What is being asked.
Could you repeat the whole listing below exactly, omitting any picture it holds?

Data block.
○ ○ ○ ○ ○ ○ ○

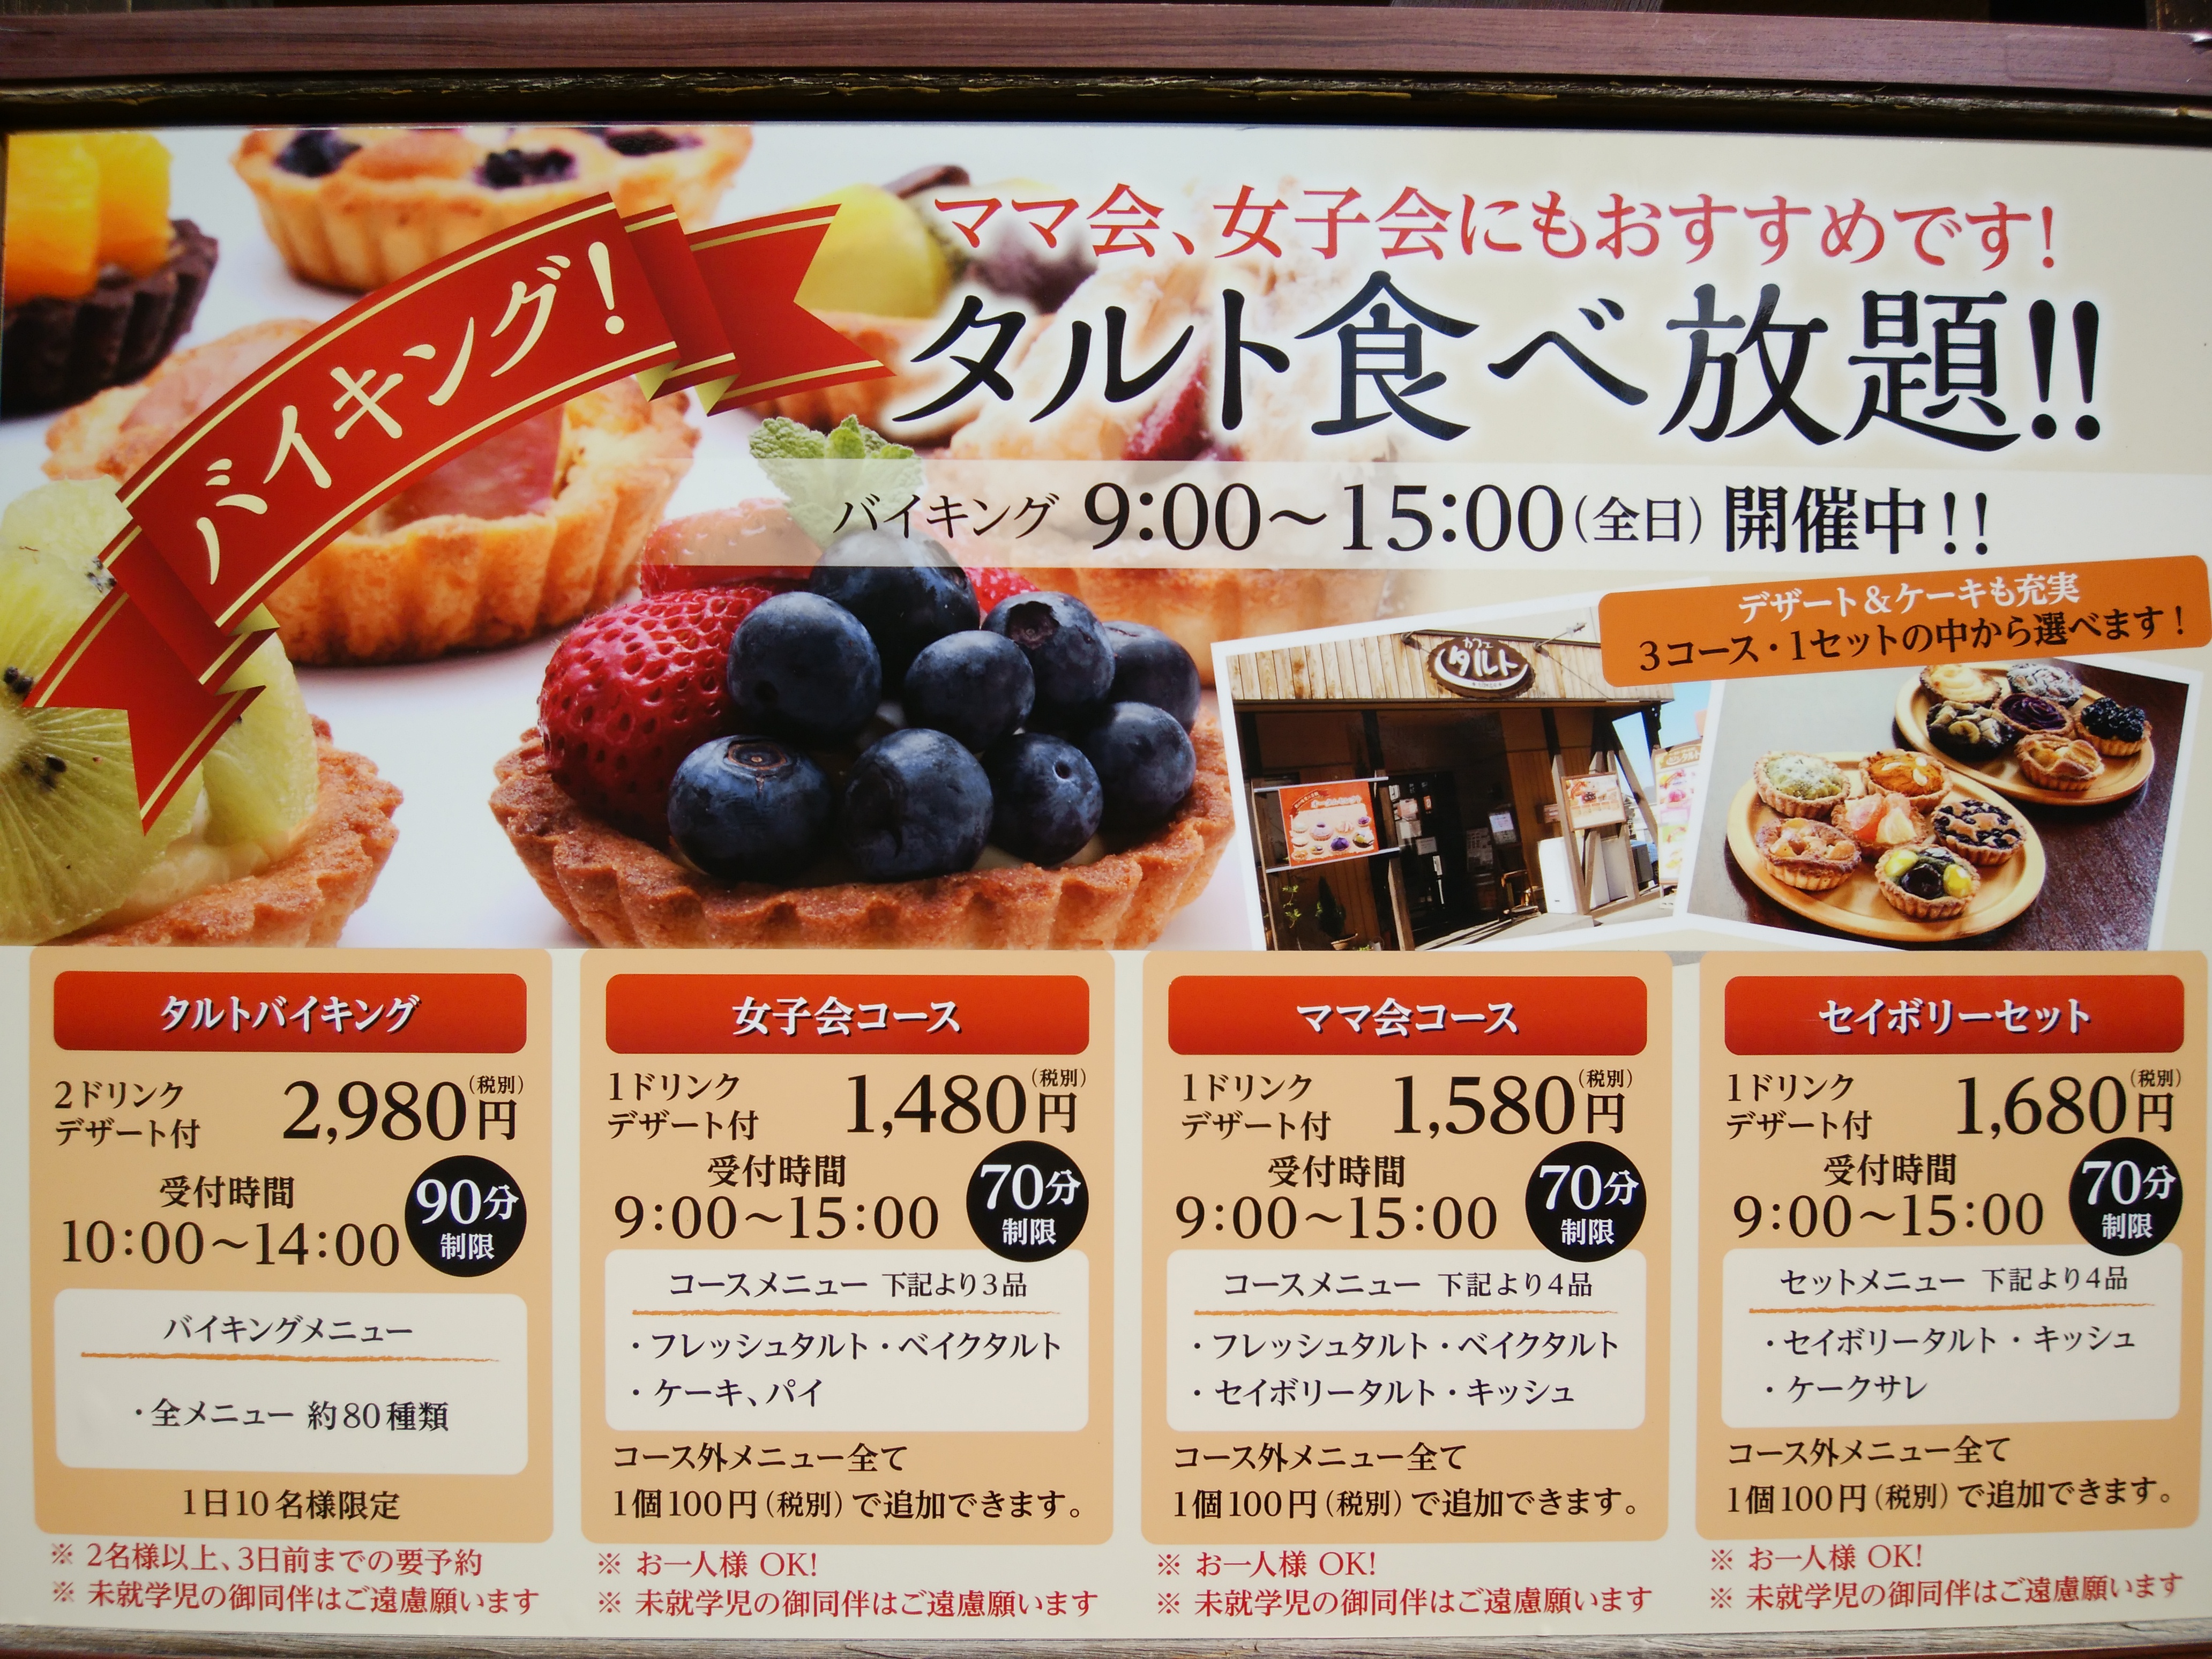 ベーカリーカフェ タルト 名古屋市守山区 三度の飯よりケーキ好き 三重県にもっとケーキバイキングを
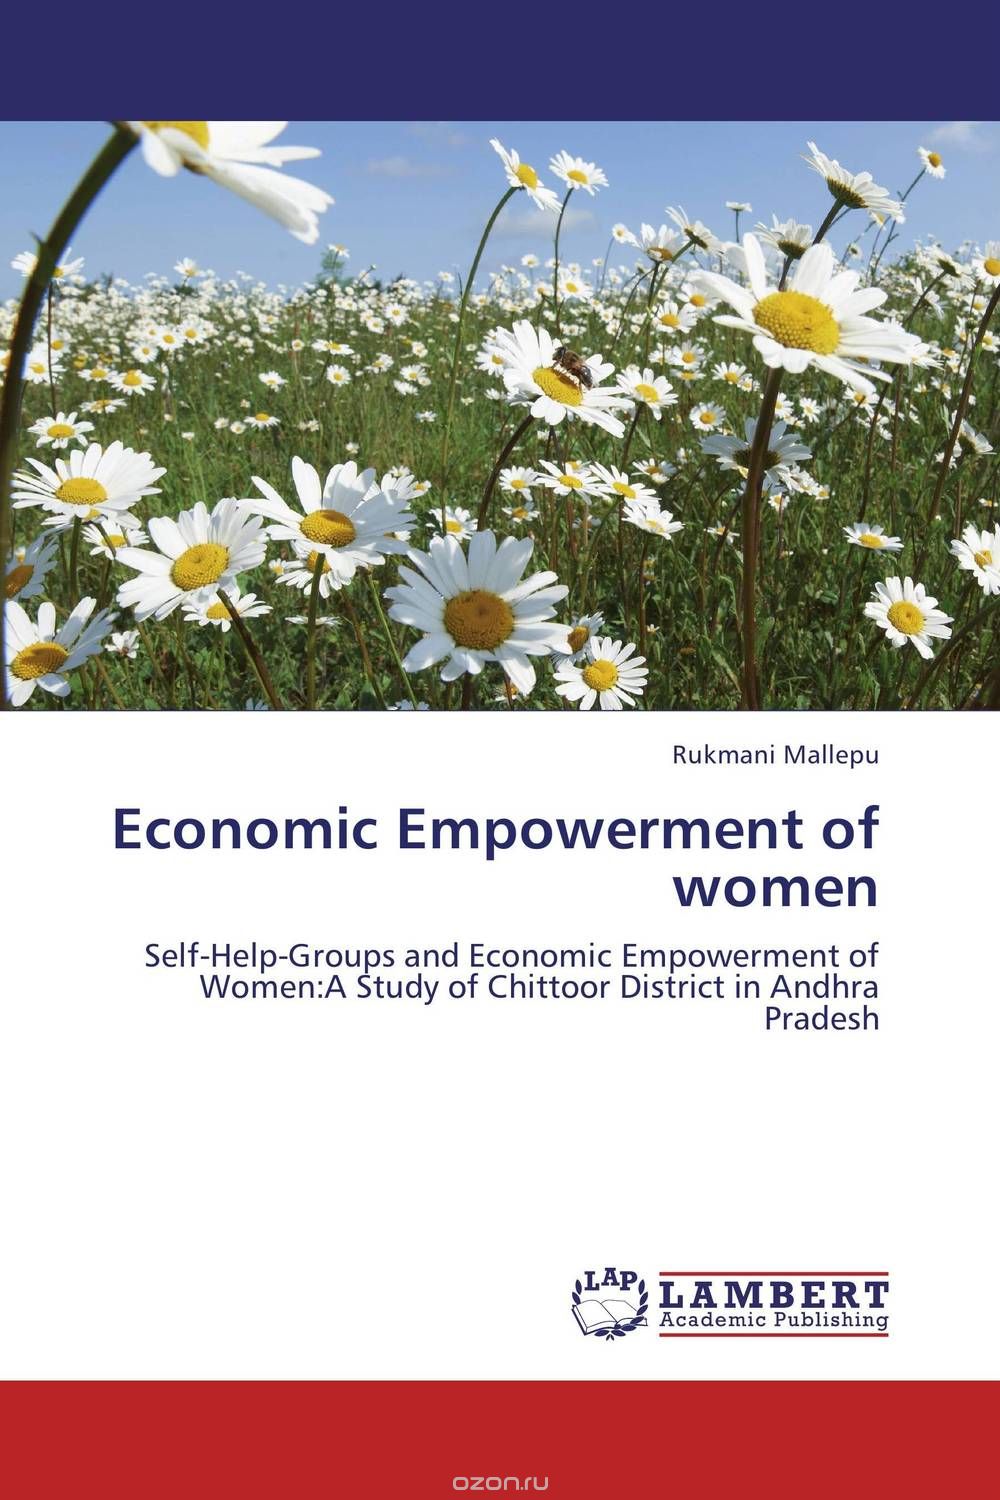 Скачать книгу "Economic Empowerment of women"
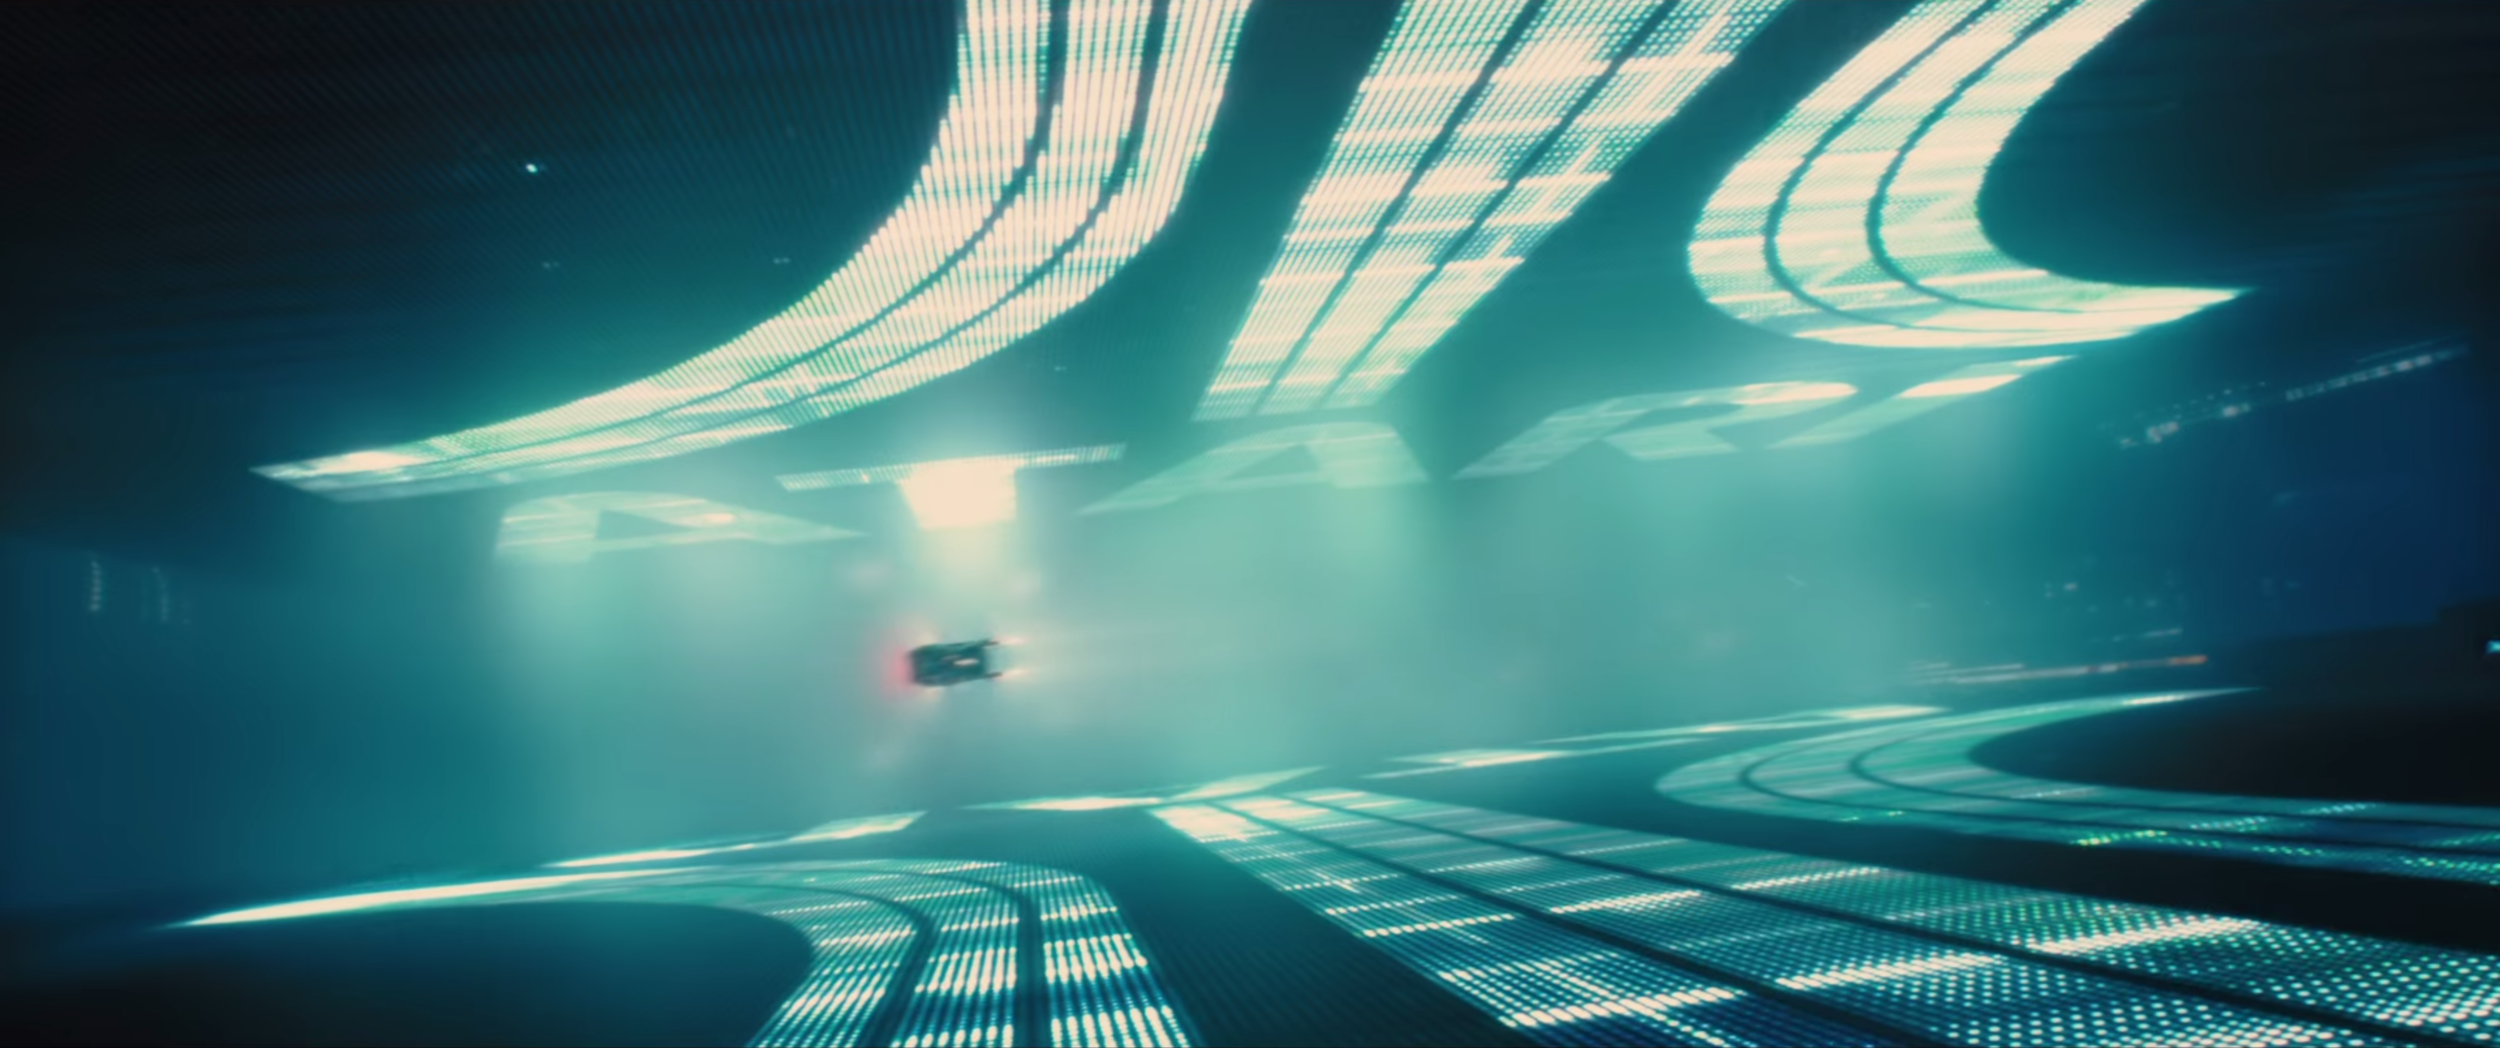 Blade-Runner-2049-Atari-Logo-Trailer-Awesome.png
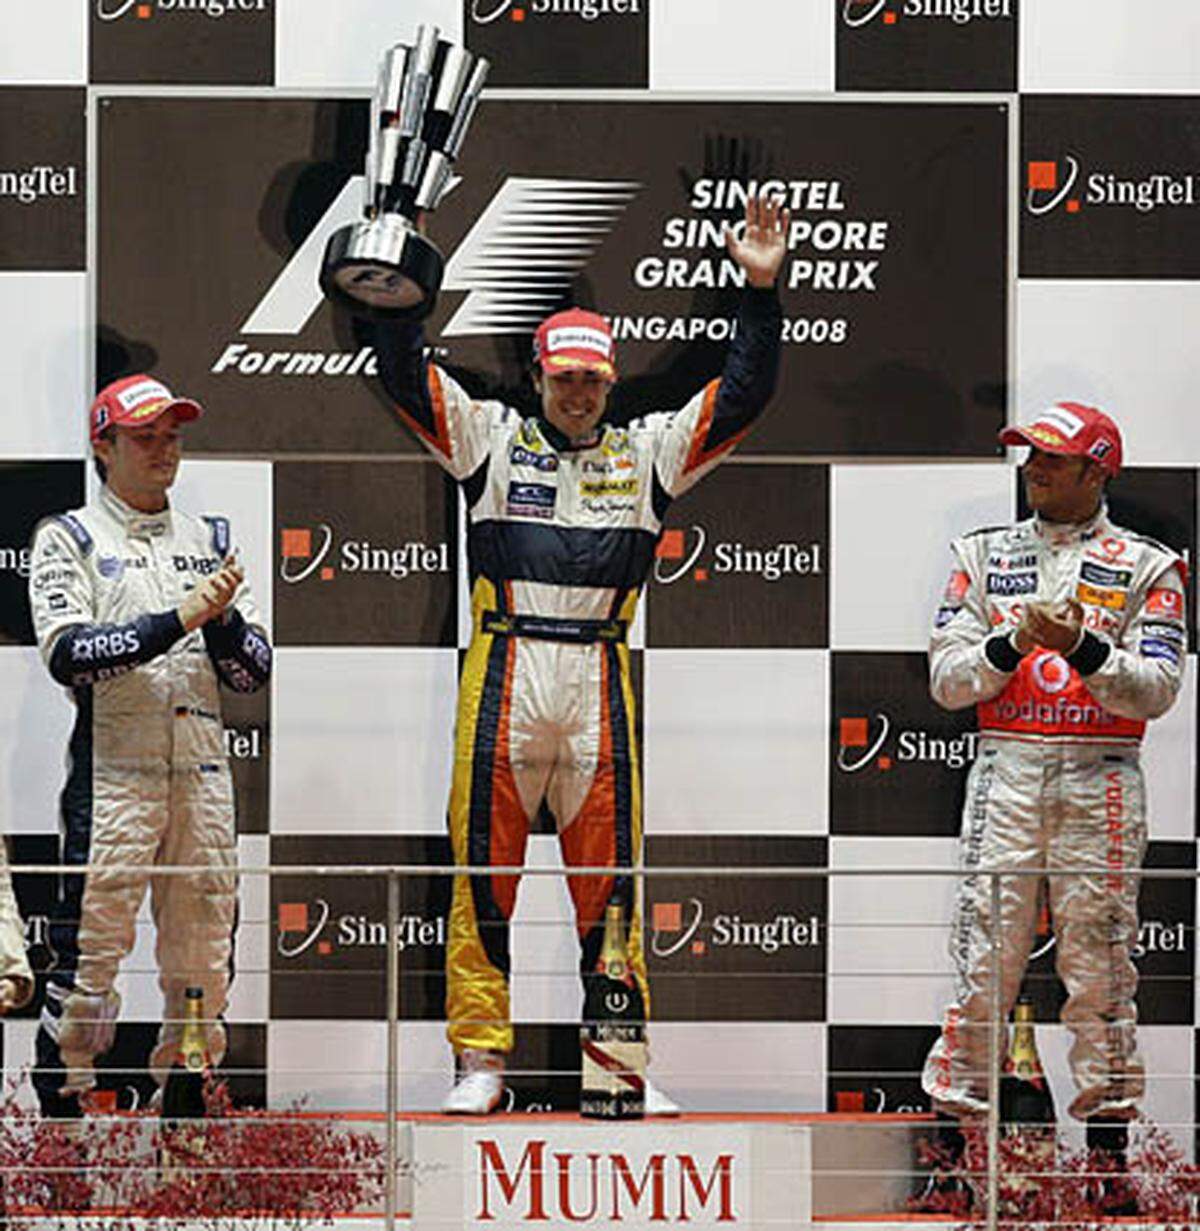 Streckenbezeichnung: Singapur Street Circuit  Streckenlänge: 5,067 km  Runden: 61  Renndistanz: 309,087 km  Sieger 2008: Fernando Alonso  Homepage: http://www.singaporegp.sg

○ ○ ○ ○ ○ ○ ○

Reply.
 ベーカリーカフェ タルト 名古屋市守山区 三度の飯よりケーキ好き 三重県にもっとケーキバイキングを
 Скачать книгу "Economic Empowerment of women"
 Blade-Runner-2049-Atari-Logo-Trailer-Awesome.png
 Streckenbezeichnung: Singapur Street Circuit  Streckenlänge: 5,067 km  Runden: 61  Renndistanz: 309,087 km  Sieger 2008: Fernando Alonso  Homepage: http://www.singaporegp.sg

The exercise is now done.